We have organized a multidisciplinary biomedical-engineering approach to develop a self-diagnosing, self-treating, self-monitoring artificial joint (Fig 2
; an “intelligent implant”) to combat the devastating problem of postimplantation bacterial biofilm infections that form on artificial joint prostheses. A meeting about such implant (Designing Intelligent Orthopaedic Implants for Biofilm Control) was held on April 10 to 12, 2003 in Big Sky, MT, which was attended by surgeons, microbiologists, biochemists, mechanical engineers, electrical engineers, and microelectromechanical systems (MEMS) engineers.
The most salient point made by the surgeons (with regard to implant design) was that a majority (> 60%) of arthroplasty infections result from two related staphylococcal species, Staphylococcus aureus and S. epidermidis. The microbiologists were united in their view that the infection should ideally be controlled before the formation of a biofilm because treatment regimens currently do not exist that can eradicate a biofilm on an abiotic surface implanted into human tissue. From the biosensor/MEMS engineers it was learned that the most difficult technical challenge is to overcome biofouling of an implanted device that would contain a membrane through which ligands would pass to induce a signal cascade. The electrical engineers indicated that the most problematic area for them was the need to provide power to the device for years without external leads which could become a source of infection. These consensus viewpoints, together with a preferred embodiment of what would be required in the design of an intelligent implant, were subsequently published 9
The overall concept in the design of an intelligent implant is to produce an arthroplasty that contains a MEMS-type biosensing device that can “eavesdrop” on bacterial communication systems associated with autoinduction, quorum sensing, and biofilm formation.

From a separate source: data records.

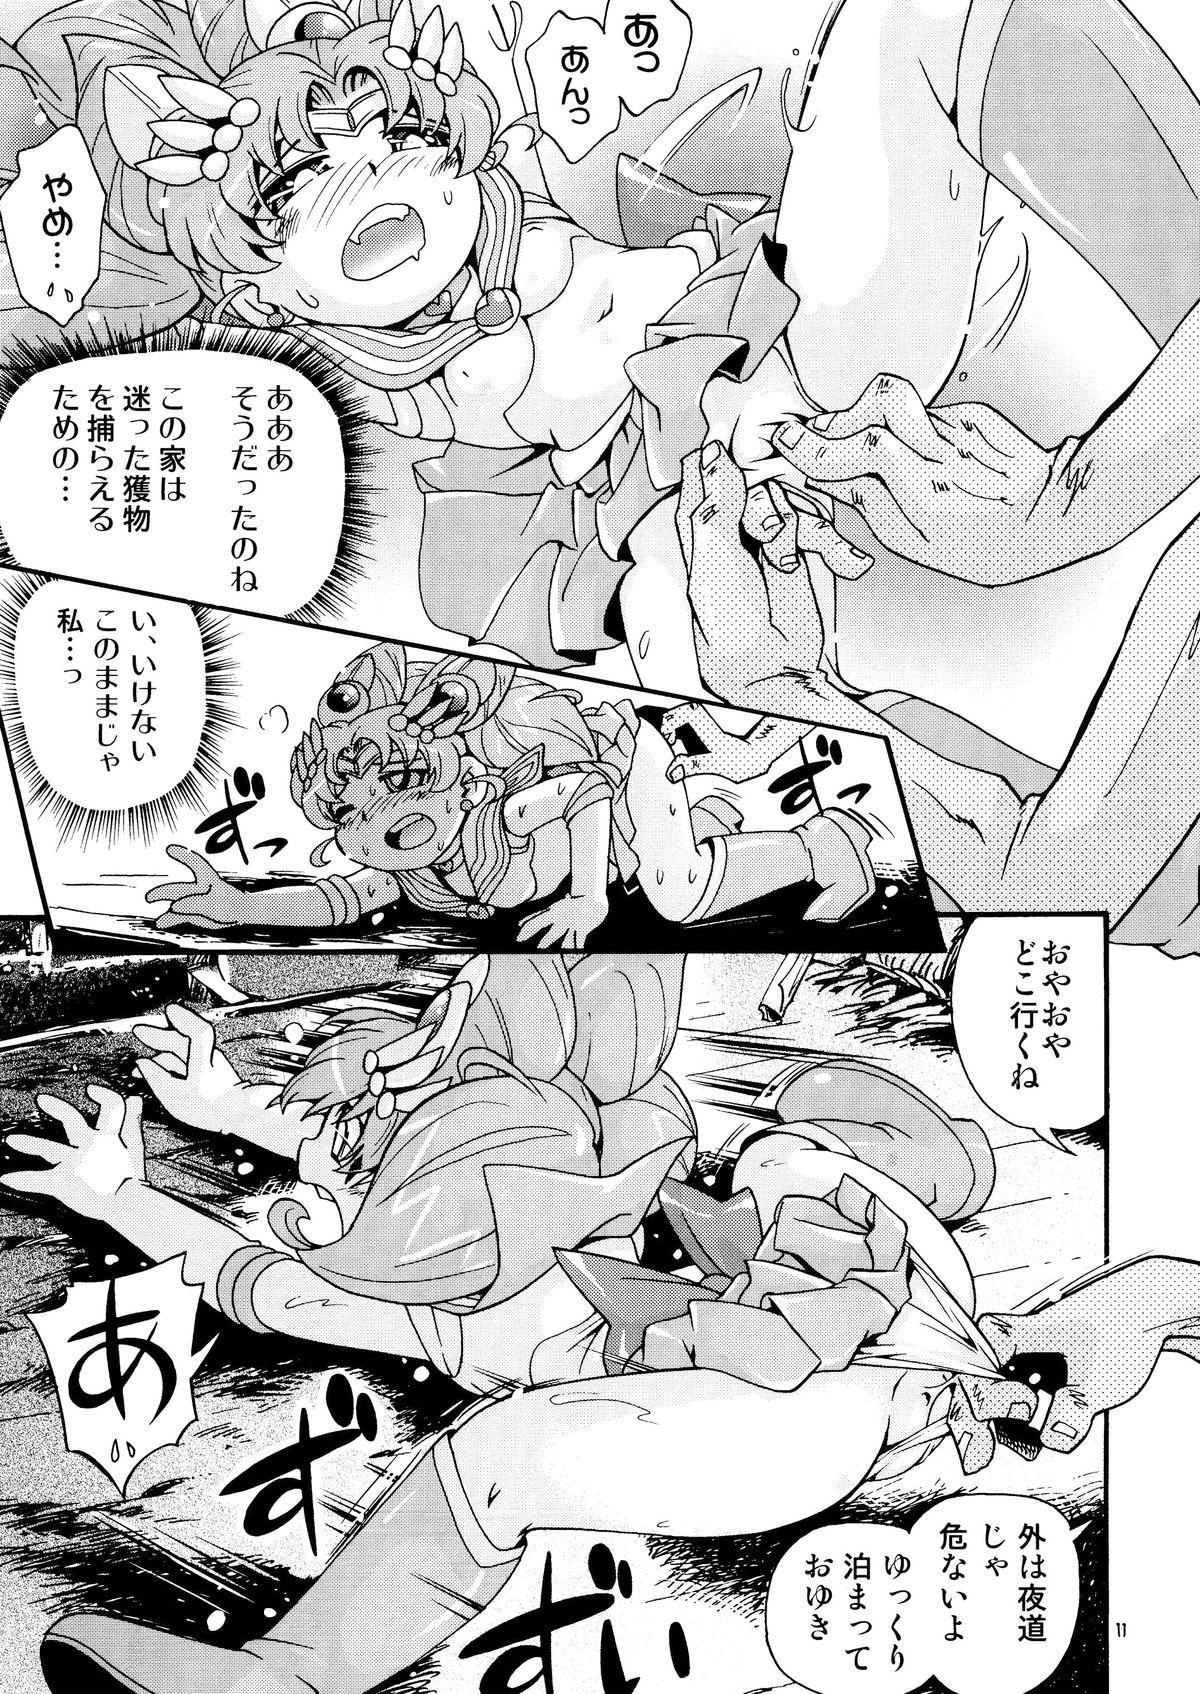 Teen Blowjob Chiccha na Bishoujo Senshi 4 - Sailor moon Older - Page 11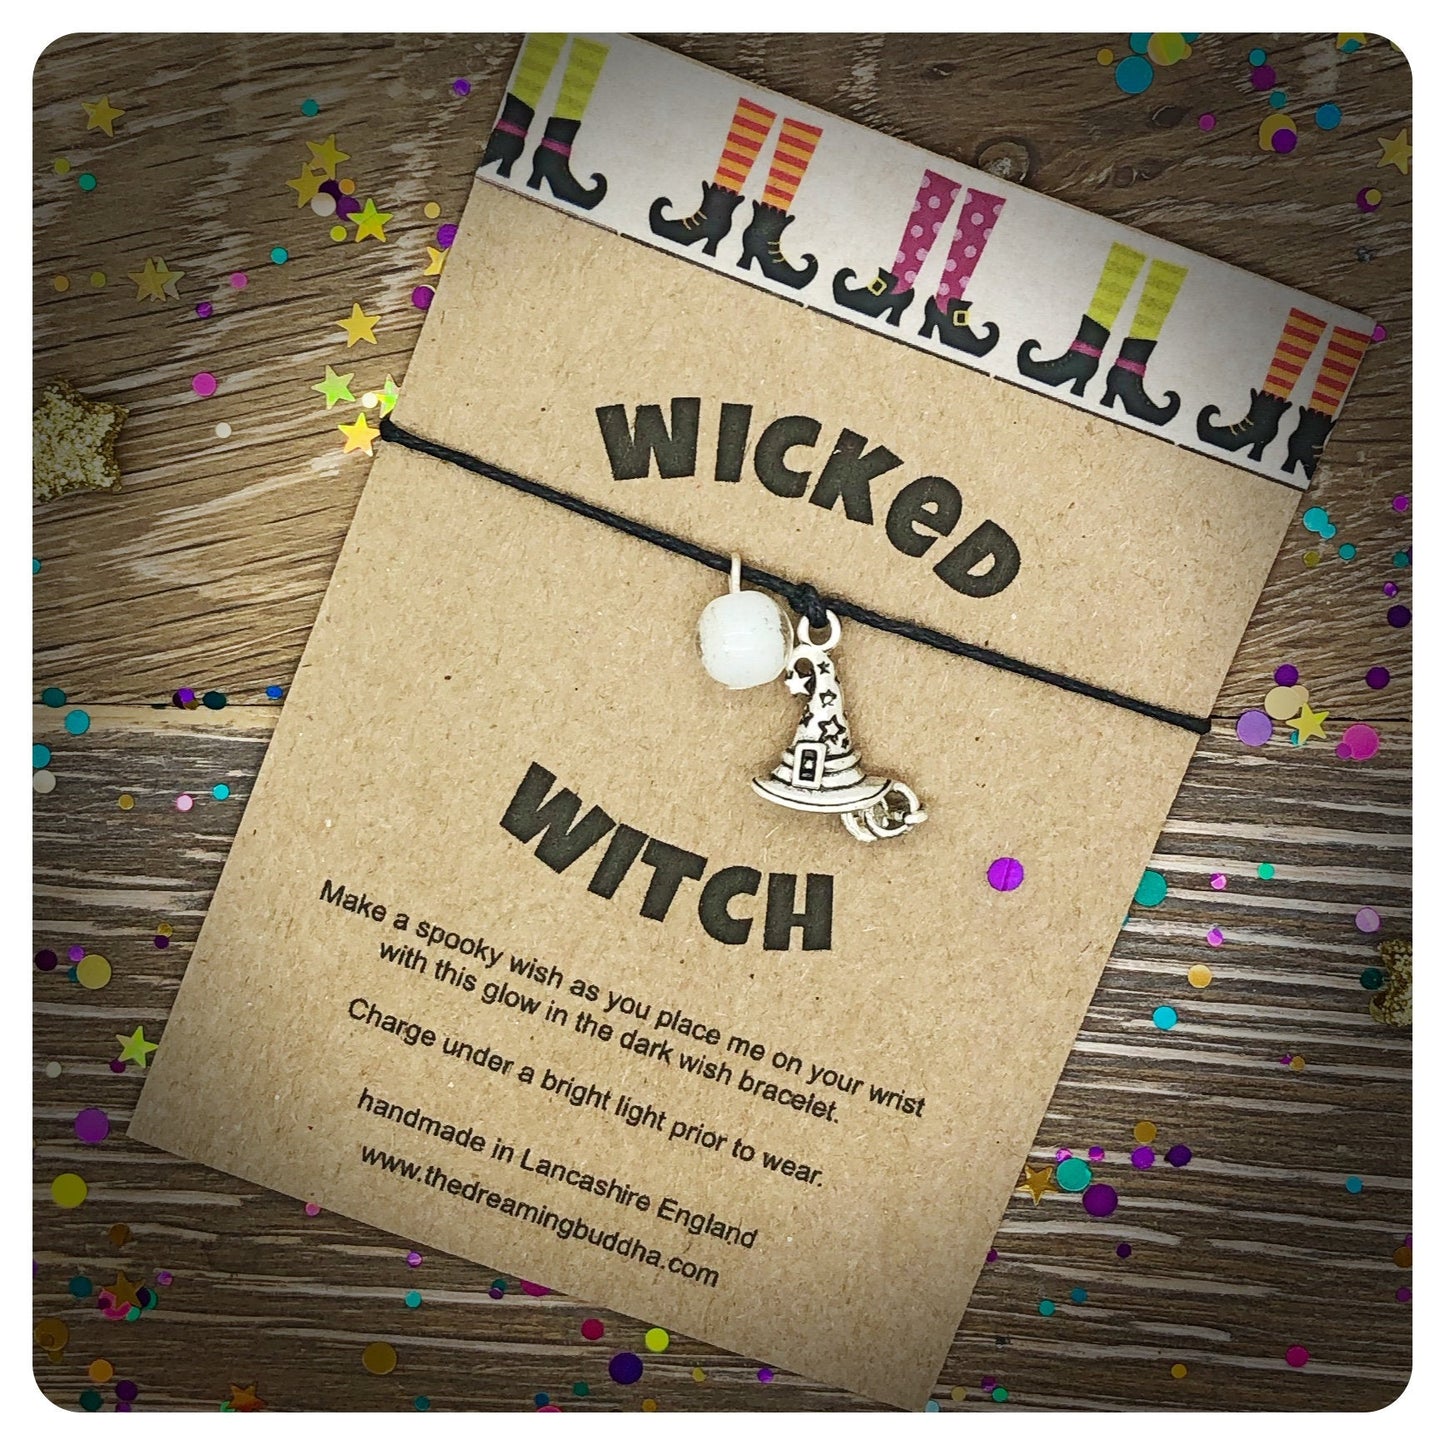 Wicked Witch Wish Bracelet, Glow in the Dark Bracelet, Witch Halloween Gift, Magical Glow Bracelet, Wicked Witch Jewellery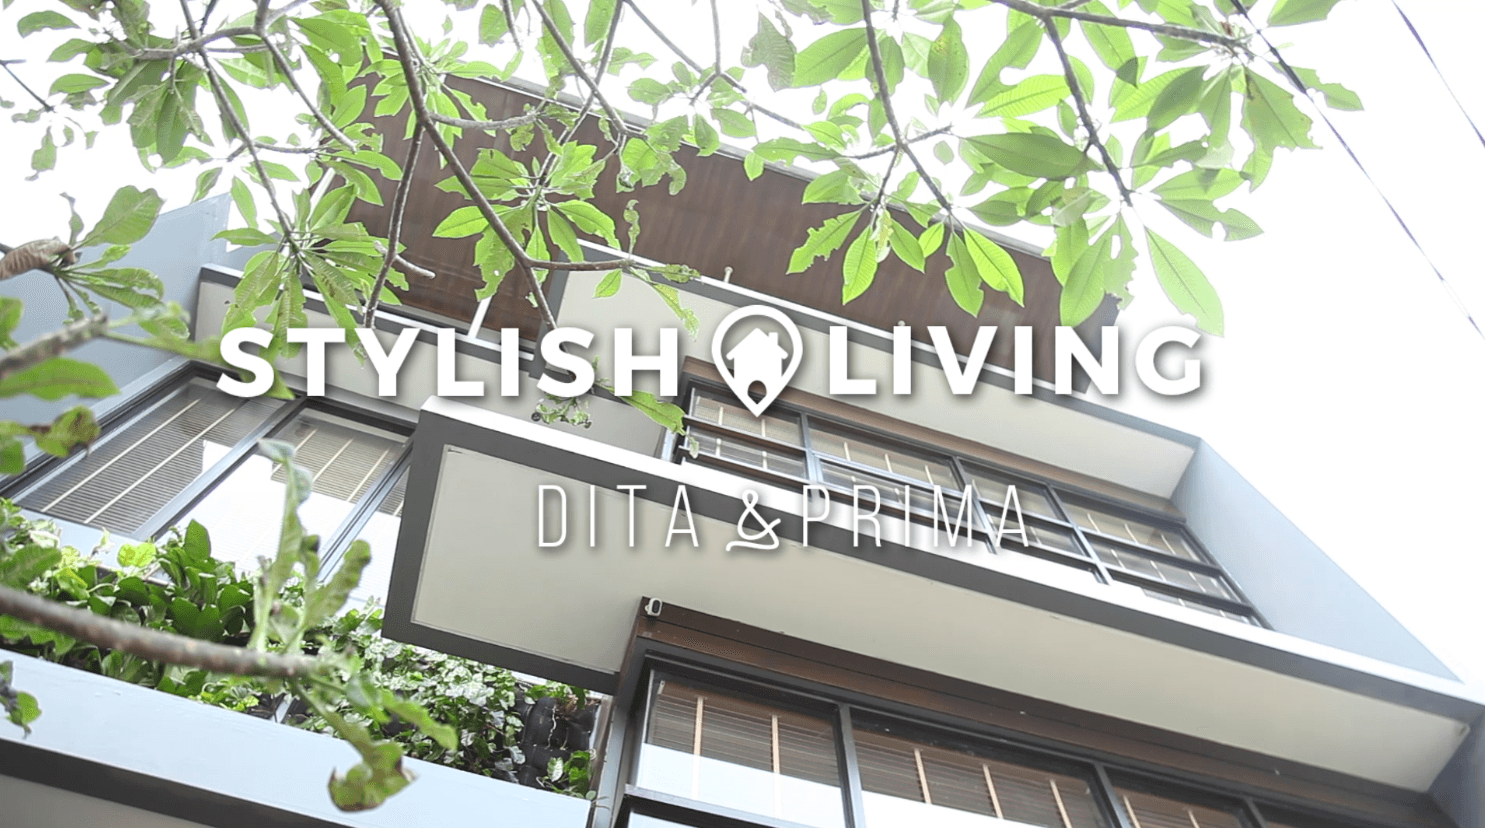 Stylish Living: Dita & Prima

Most pathogenic bacterial species (and most nonpathogenic species) respond to and produce intercellular signaling molecules that are designed to detect either the concentration of bacteria in a given locale (quorum sensing)23 or to determine the rate of diffusion within the ecosystem in which the bacteria find themselves.25 Depending on the bacterial species and the environment, quorum sensing serves to provide coordination of metabolic switching among a population of like bacteria so that they act in concert for the benefit of the population instead of as individual organisms. In the case of many pathogens, the detection of a quorum of bacteria induces the production of virulence factors and toxins. This co-ordinate-inducible phenomenon occurring on a population level has been interpreted as a survival strategy for pathogens wherein they try to remain “below the radar” of the host’s pathogen detection systems until such time because their numbers are great enough to overwhelm the host’s initial response. A classic example is S. aureus-induced toxic shock syndrome.19
On intercepting the bacterial signals, the MEMS biosensor will send a signal to a pair of integral gated reservoirs that will: 1) release inhibitory compounds that will prevent biofilm formation; and 2) release antibiotics at very high concentrations locally that will eradicate all planktonic bacteria that are in proximity to the joint before they establish a biofilm. The ability to provide site-specific dosing with antibiotics would have the benefit of being able to deliver much higher concentrations of antibiotics at the locus of infection than could be tolerated by the host through systemic treatment regimens. Moreover, local dosing would potentially permit the use of highly efficacious antimicrobials that have specific organ system toxicity profiles that makes them unusable with current systemic dosing regimens. Therefore, not only could this strategy provide for higher dosing levels of systemically tolerated antibiotics, but it could also increase the size of the available pharmacopoeia—a considerable advantage considering the high percentage of pathogenic strains that have acquired one or more planktonically active antibiotic resistance genes.
The MEMS biosensors and the drug reservoirs would be connected to a telemetry system embedded within the prostheses that would be accessible to the patient and physician using a handheld Bluetooth monitoring device, which in turn would be able to communicate with the wireless web. Therefore, patients would be able to take a reading anywhere in the world and upload the data to the internet, from which their physician could monitor the condition of the joint, regardless of location.